Kraftfulla besvärjelser har lästs över den, och enbart dess ägare kan komma
åt dess
innehåll.
This works because Z is interpreted as Ö, since Ö holds the slot in the ZSCII
table
which Z normally occupies, and the same goes for W/Ä and Q/Å.
If this bug is fixed, you should be able to type either of these sets of
command and
get the same reply as above (while the commands above should no longer work):
Set 1:
IN
UNDERSÖK TRÄLÅDAN
Set 2:
in
undersök trälådan
Set 3:
TRANSKRIPTION
IN
UNDERSOEK TRAELAADAN
Set 4:
transkription
in
undersoek traelaadan
Original comment by fredrik....@gmail.com
on 26 Jun 2008 at 10:12
Awesome, thanks for the test case, this will make fixing the bug a lot easier.
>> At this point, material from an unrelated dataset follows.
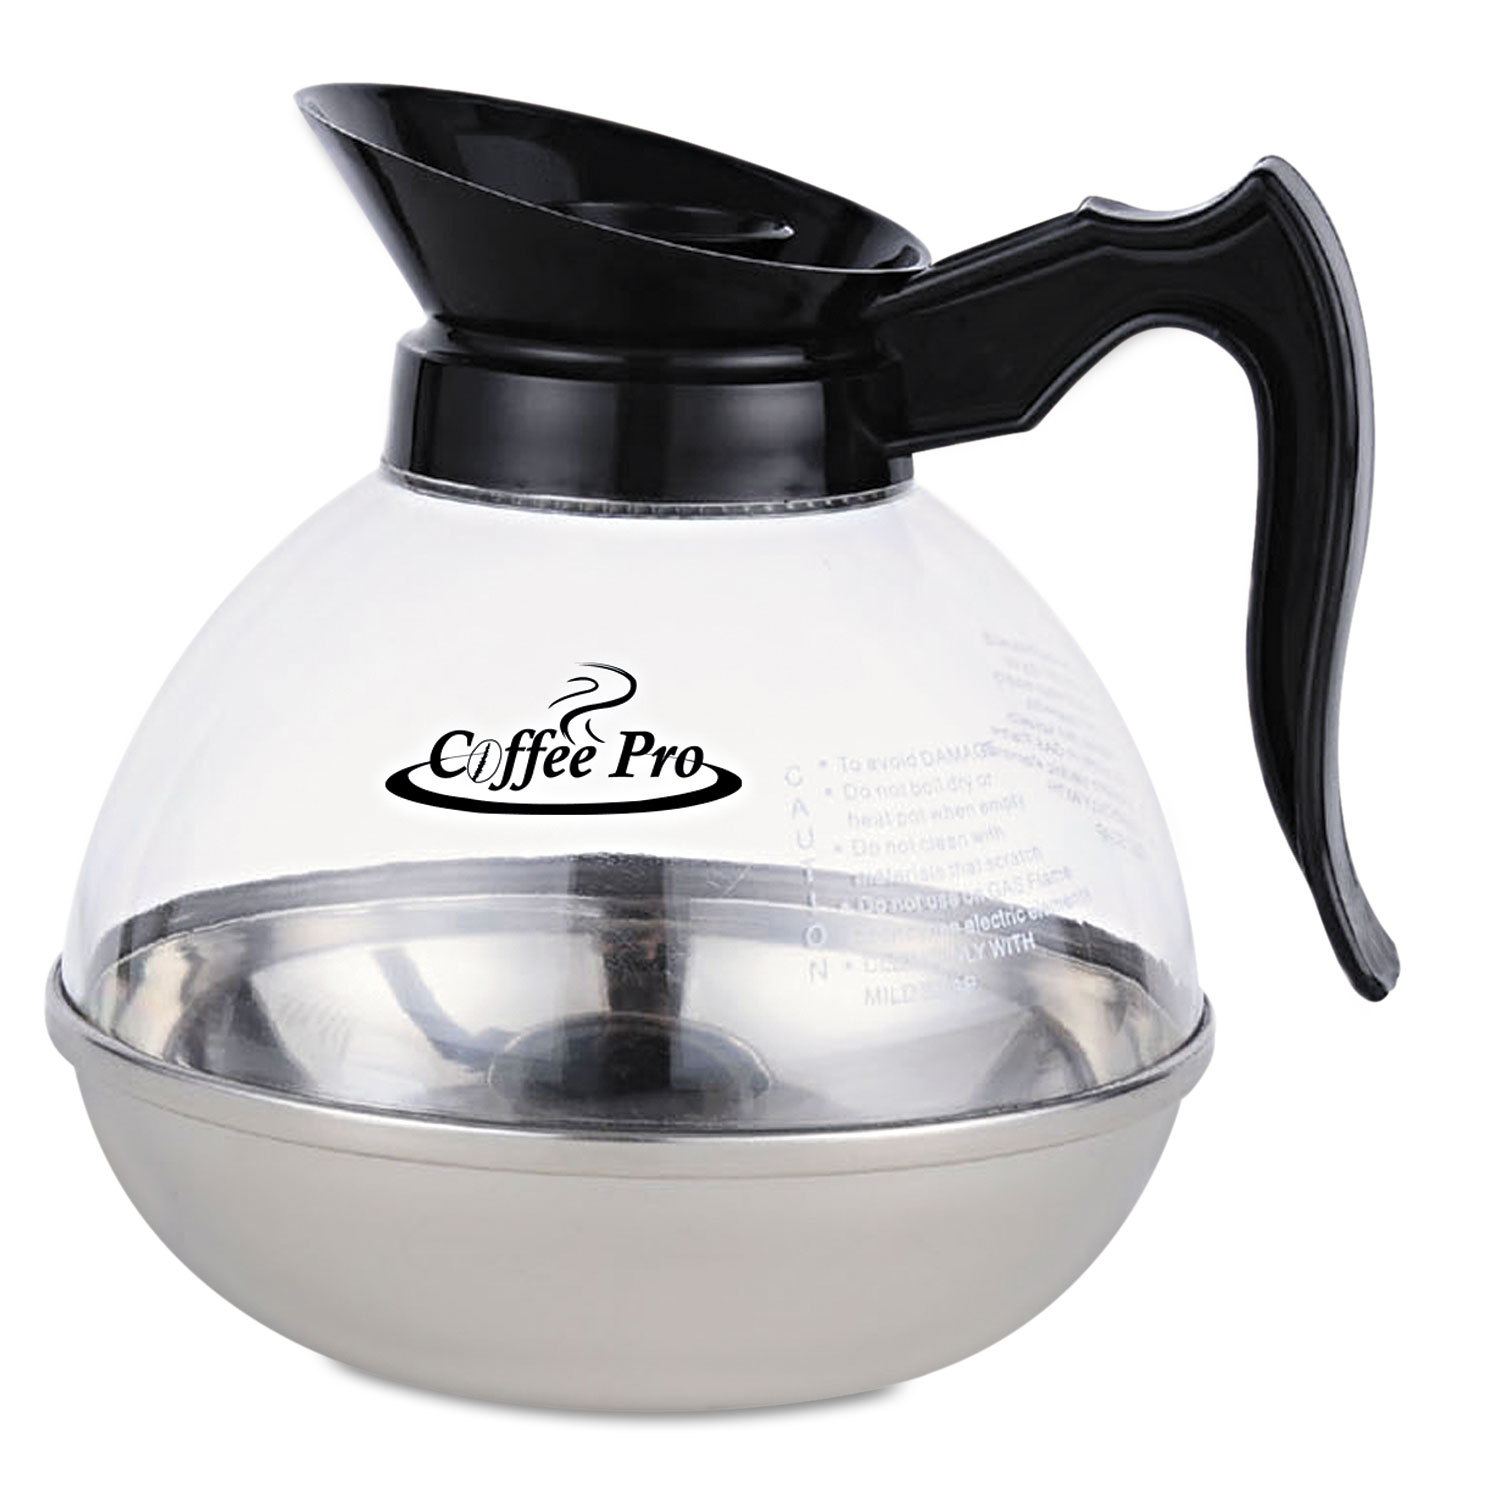  Coffee Pro CPU12 Unbreakable Regular Coffee Decanter, 12-Cup, Stainless Steel/Polycarbonate (OGFCPU12)

Original comment by var...@gmail.com
on 26 Jun 2008 at 4:25
I've found the problem in gnusto-engine.js (line 3441-3464 in r114 of gnusto-
engine.js). As expected, it's about encoding player input for the purpose of
matching it against dictionary words. Here it is:
if (ch>=65 && ch<=90) { // A to Z
// These are NOT mapped to A1. ZSD3.7
// explicitly forbids use of upper case
// during encoding.
emit(ch-59);
} else if (ch>=97 && ch<=122) { // a to z
emit(ch-91);
} else {
var z2 = this.m_zalphabet[2].indexOf(String.fromCharCode(ch));
if (z2!=-1) {
if (this.getByte(0)>2) {
emit(5); // shift to weird stuff
} else { emit(3);} //use a shift as 5 is shift_lock in z1-2
emit(z2+6);
} else {
if (this.getByte(0)>2) {
emit(5);
} else { emit(3);} //use a shift as 5 is shift_lock in z1-2
emit(6);
emit(ch >> 5);
emit(ch & 0x1F);
}
The code above actually *assumes* that row 0
consists of a-z and row 1 of A-Z. This is a big mistake, which
many old interpreters have done, since the assumption holds in
Infocom's games. As a side effect, downcasing (which the terp is
obliged to do before encoding player input) will not take place
for characters that are not in the alphabet table at all.
This change should make the code work for all Latin-1 characters and
custom Z-alphabets. More work needs to be done to make the downcasing
work properly for the other Latin-n charsets.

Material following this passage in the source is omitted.